An Eastern screech owl snoozed in solitude in the sanctuary of our garden canopy.

For the past couple of weeks we’d heard its call from the orchard behind our home at dusk and attempted to locate the owl by morning light, to no avail. But there he was taking a nap right in front of us. The little owl fluffed his feathers and stretched his legs seemingly unaware of our whispered oooohhhs and ahhhhs. But we decided if we wanted our treasured guest to stay we’d best not disturb him and let him get some beauty sleep.

Pretending to not notice him we puttered around the garden until it became too warm to work. But later as evening approached we couldn’t resist carefully tiptoeing to the tree to sneak just one more peek. As we stood looking up at the tree, the screech owl spread his wings with a little shake. He then looked directly at us with his large yellow eyes, as if to say, “Aren’t you supposed to be asleep?” He was right! This was his time to go to work. It is the owl that owns the night.

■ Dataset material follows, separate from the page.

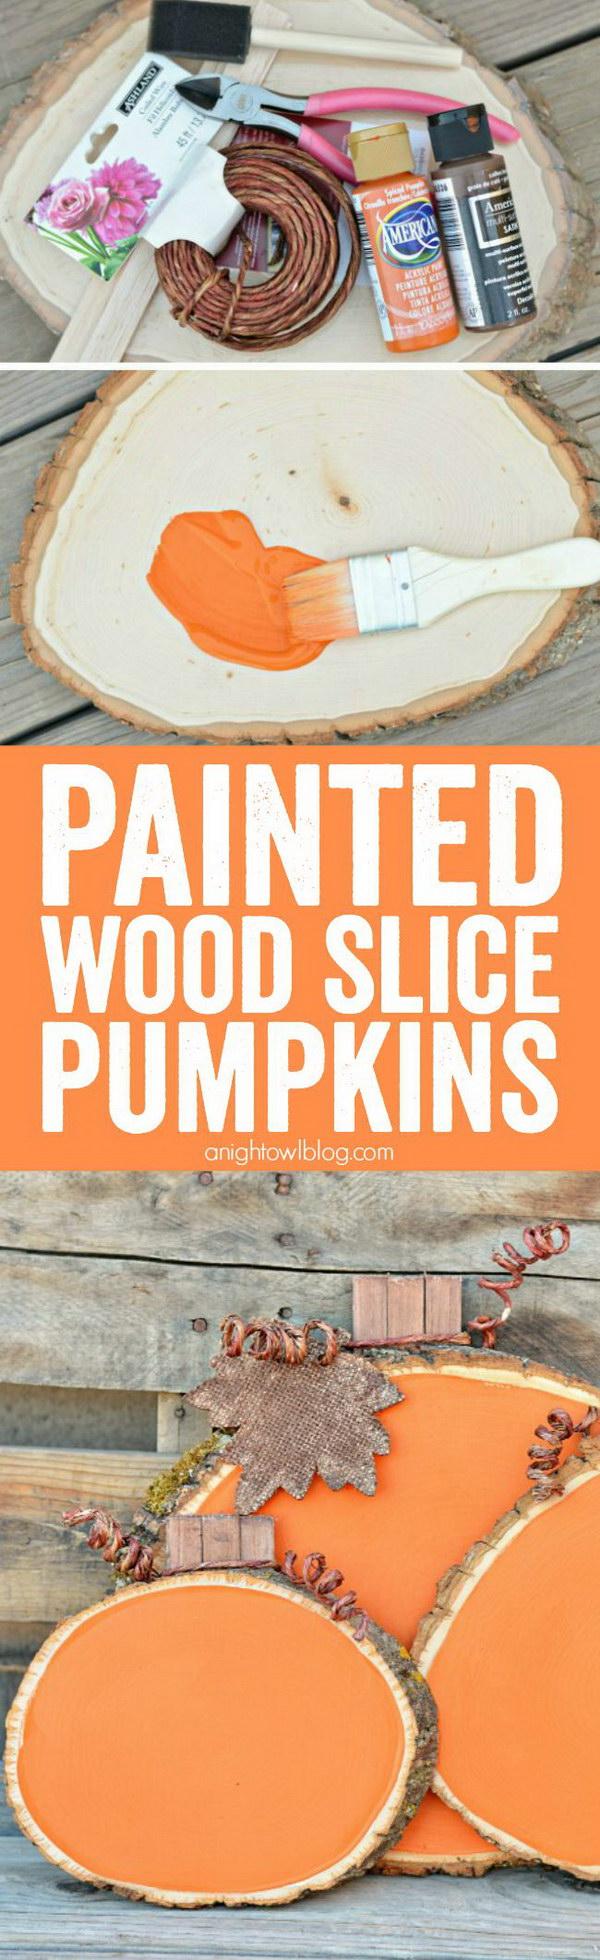 Painted Wood Slice Pumpkins.

Screech owls prefer dense oak and pine woodlands near streams but can often be seen in suburban woodlands, forests, swamps, orchards and gardens. The most readily visible markings are the ear tufts that are prominent when raised.

A small owl of between 8 to 10 inches, the Eastern screech owl weighs approximately 7 ounces. This owl has large yellow eyes, a yellow-gray bill, white fluff (facial disk) between eyes and bill with a gray to black fringe. The chest of the screech owl has mottled brown to dark brown streaks extending from the chest along sides and flanks.

Screech owls choose to nest in old tree cavities or the abandoned nest holes of other birds such as woodpecker holes and are resident throughout the year. The clutch size is three to seven with incubation taking approximately 26 days. Young fledge out at approximately 30 days.

The Eastern screech owl in Florida often has a rufous-rusty brown coloring referred to as the red phase. No other eared owl is this color. Further north the Eastern screech owl is shades of darker grays without the rusty overtones. As well a similar species is the Western screech owl that is slightly larger with black-gray bill and overall gray plumage.

The most common way to tell you have an owl in your garden is by their calls. These are in two parts: quavering, mournful, drawn out descending whistles, “Whooeeeee...” and a single vibrating low whistle, “Qohoho-ho.”

We’ve decided to install an owl house next weekend in hopes our treasured guest will decide to stay in our garden year-round and become part of our family – back to nature.